Reproduce verbatim all of the data given below, but do not carry over the images.

[Available data]
»»
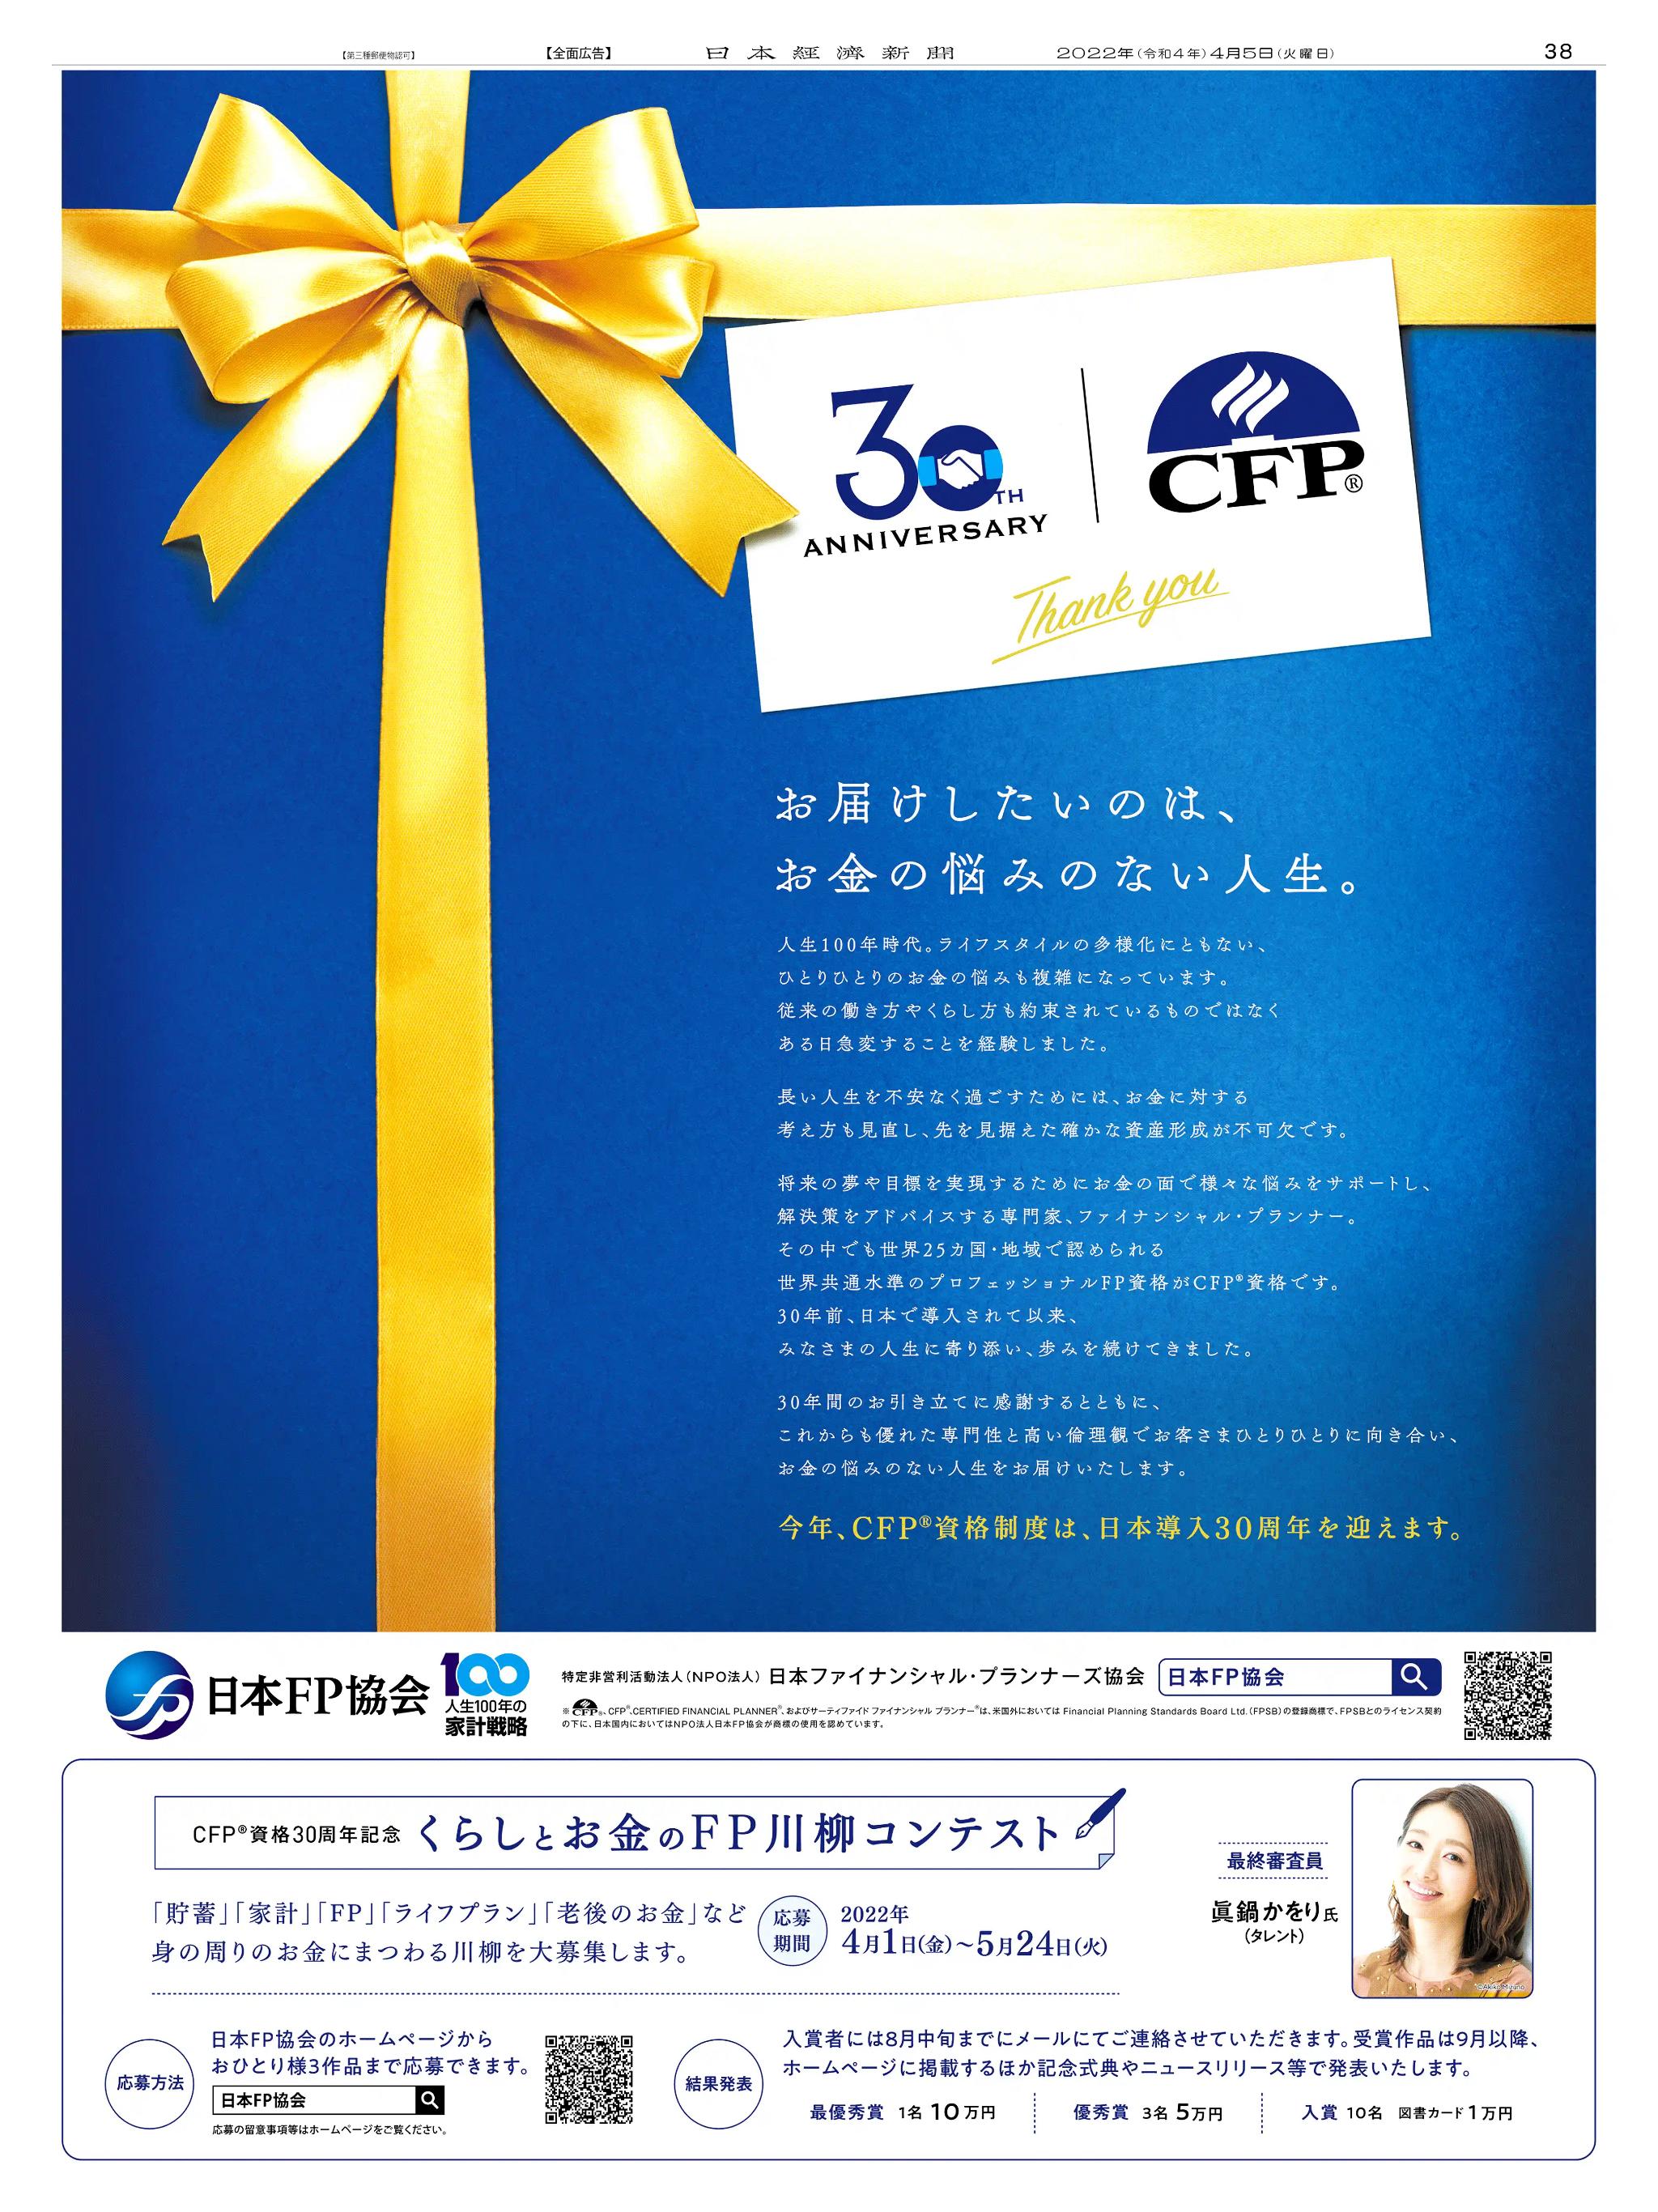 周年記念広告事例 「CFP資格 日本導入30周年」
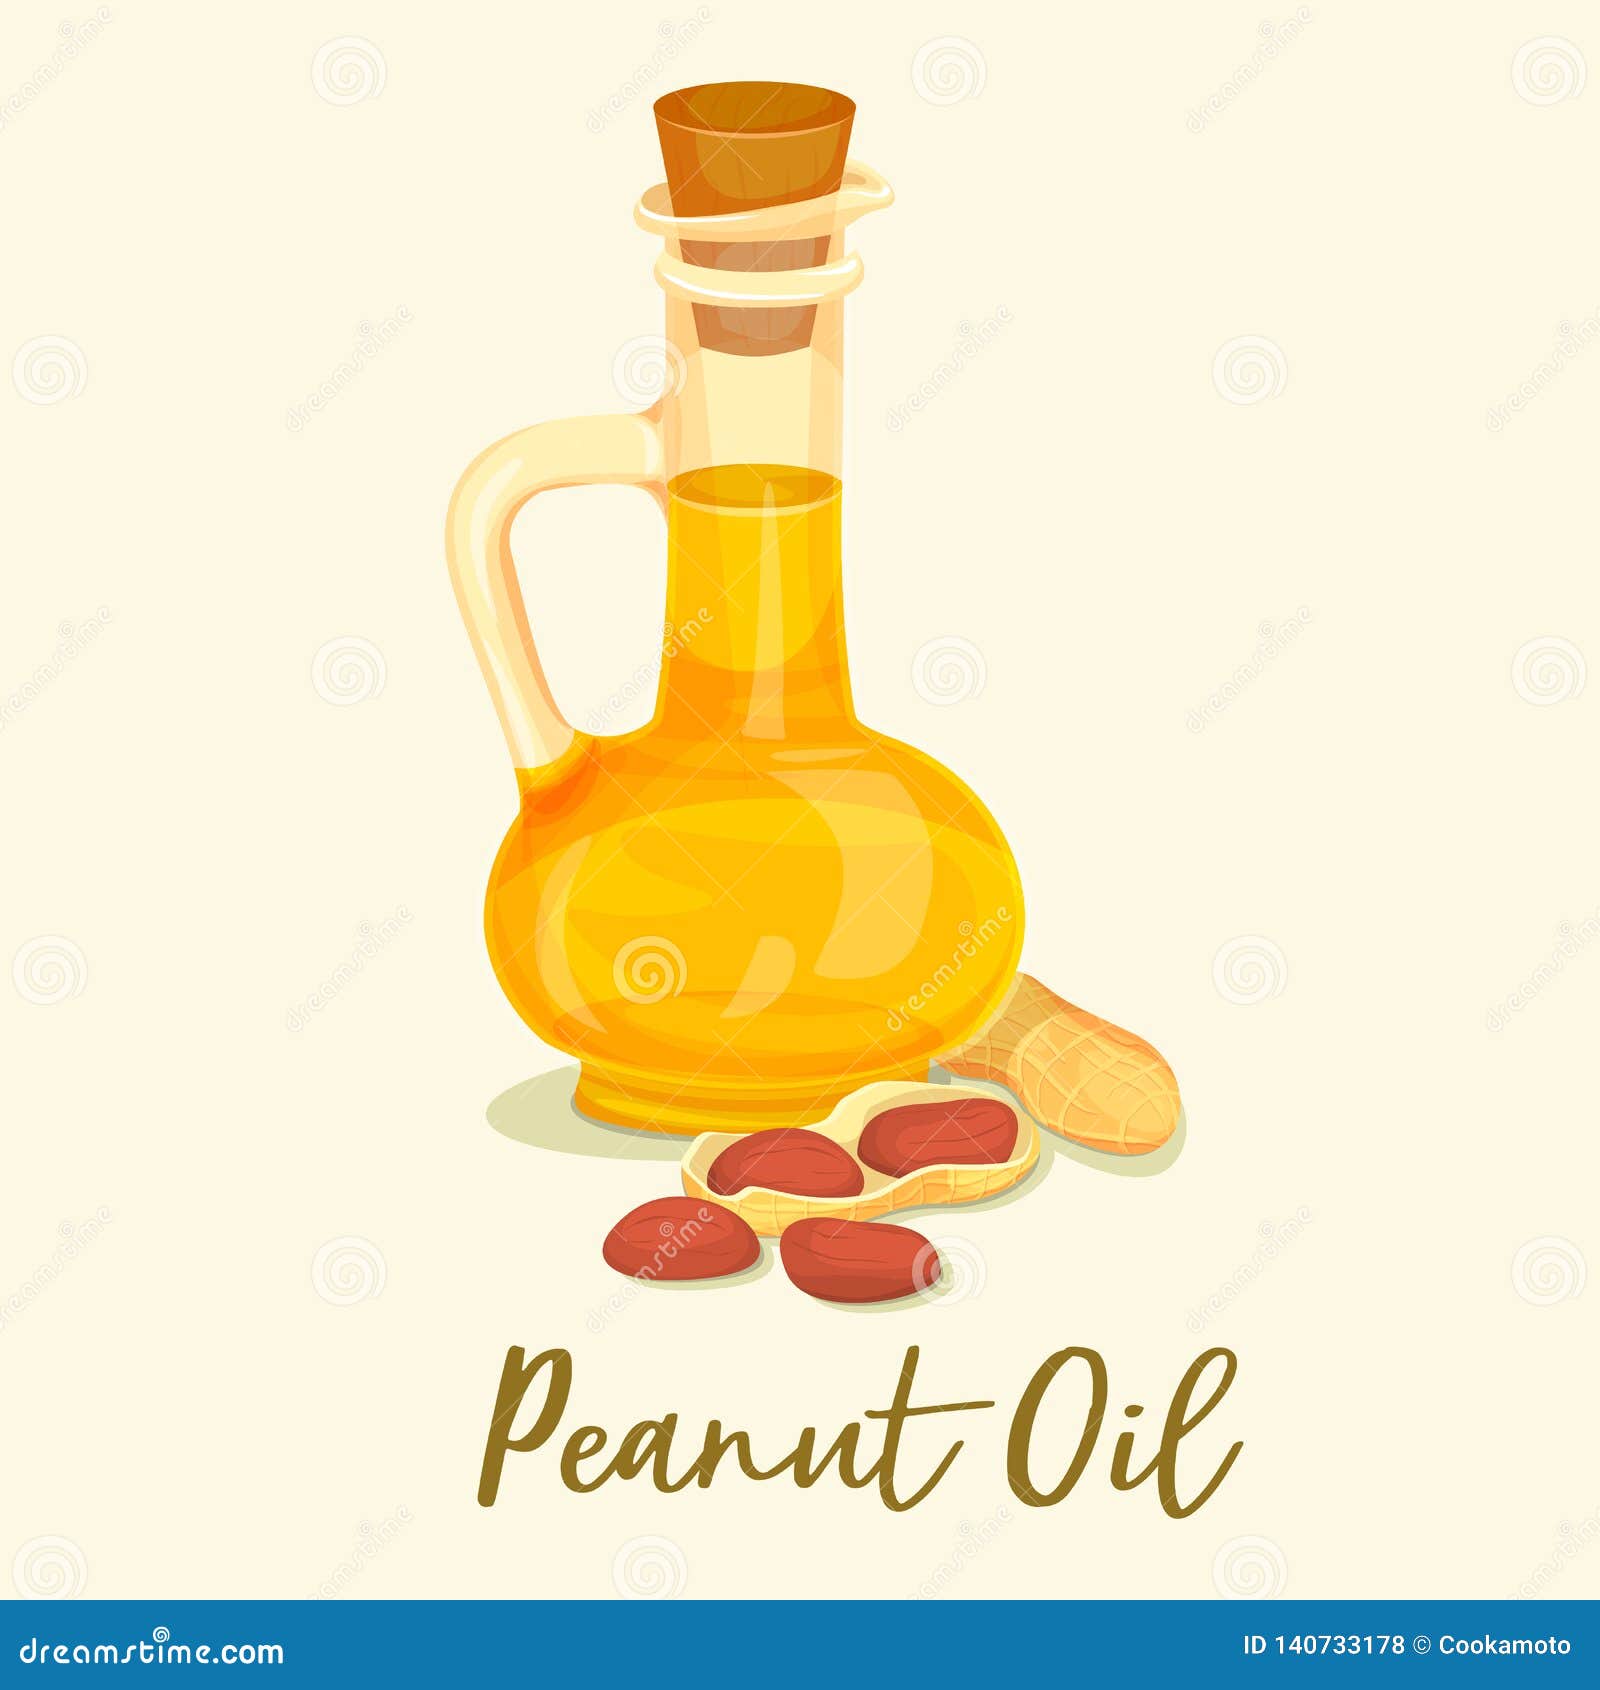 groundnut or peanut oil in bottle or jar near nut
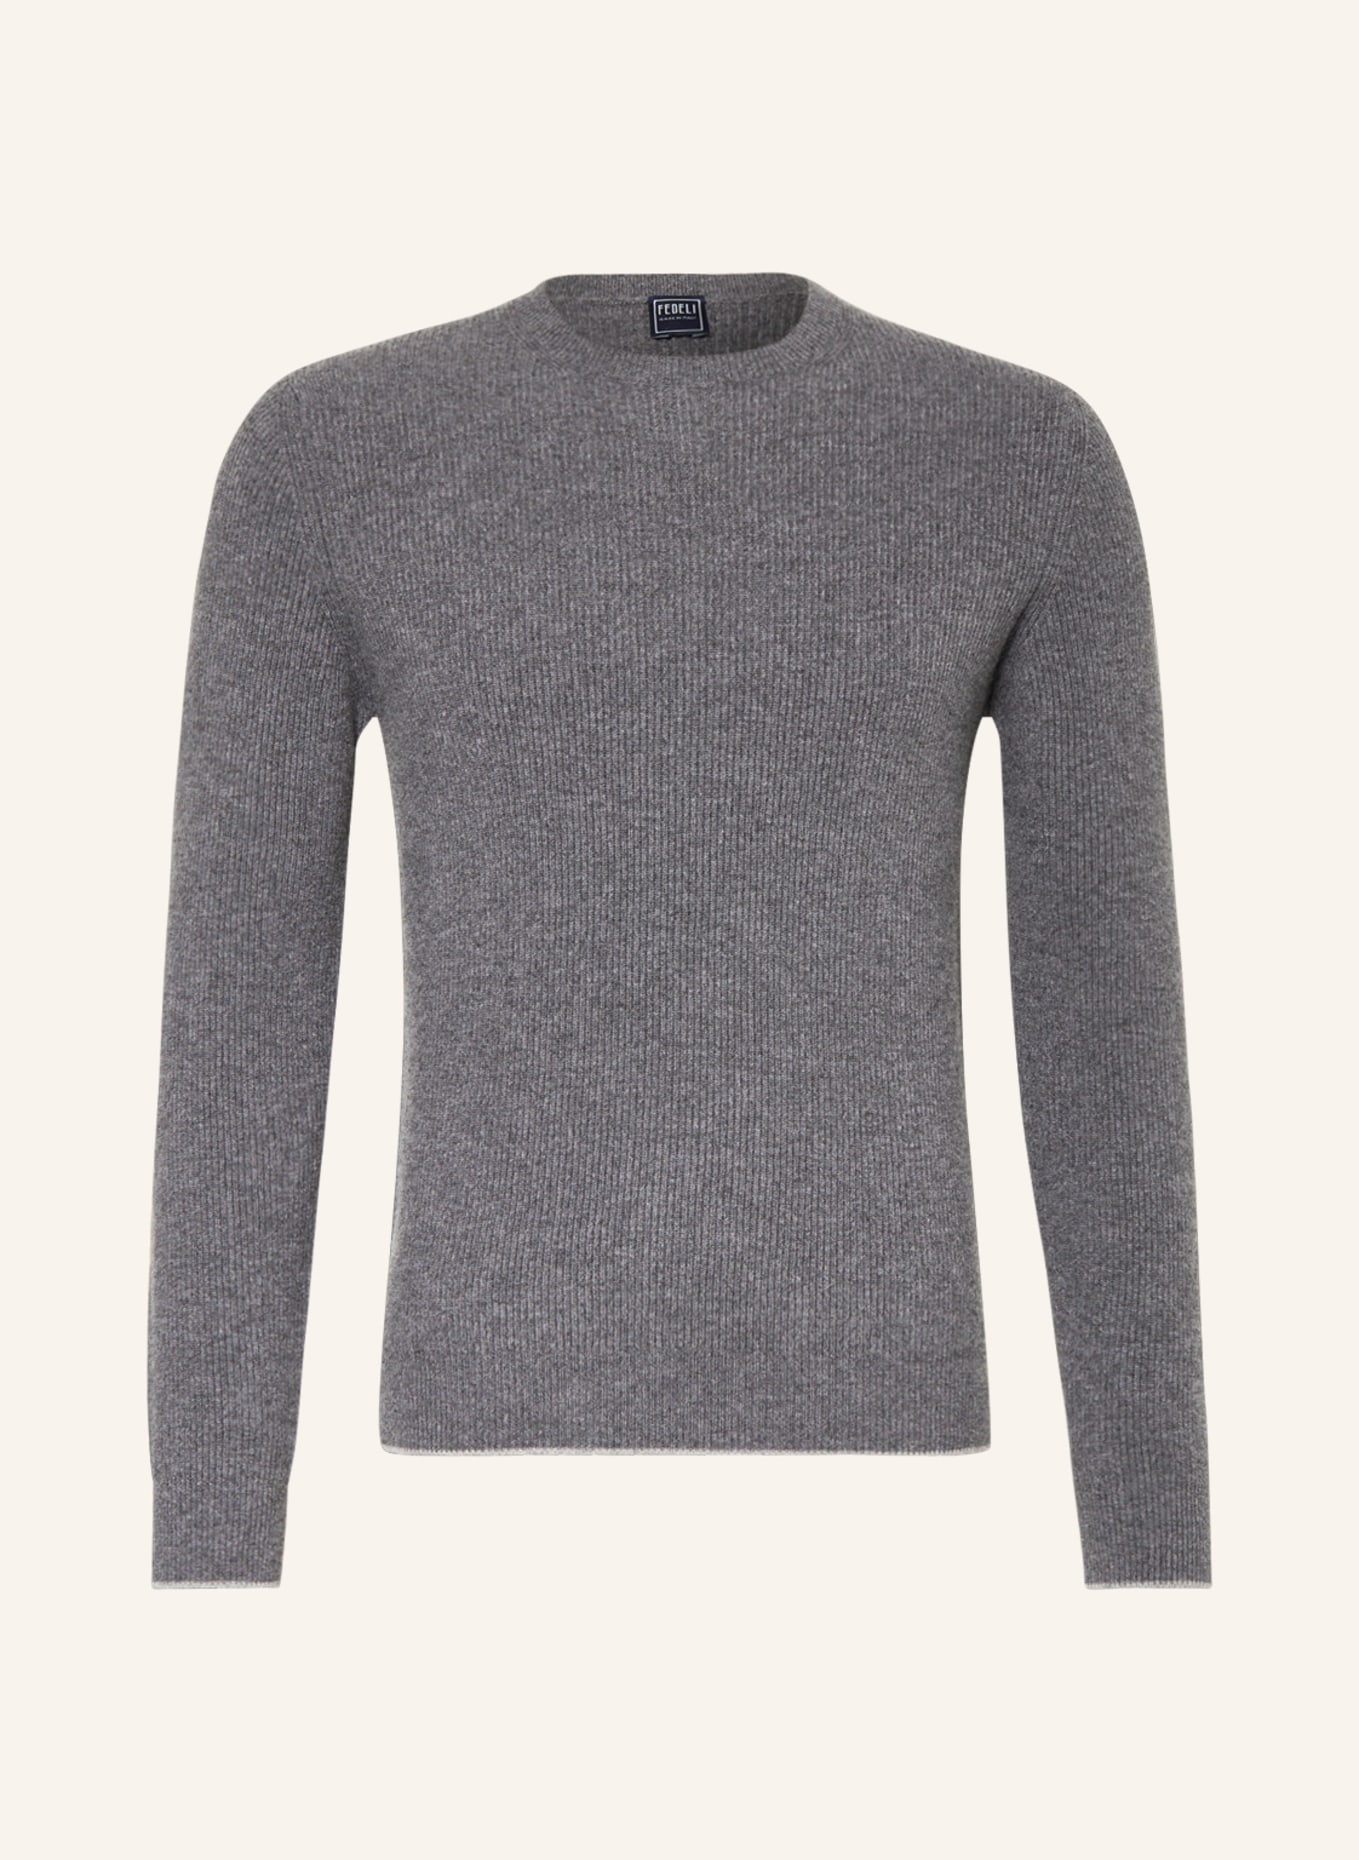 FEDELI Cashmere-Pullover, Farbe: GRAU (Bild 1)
««
[Your solution]
 周年記念広告事例 「CFP資格 日本導入30周年」
 groundnut or peanut oil in bottle or jar near nut
 FEDELI Cashmere-Pullover, Farbe: GRAU (Bild 1)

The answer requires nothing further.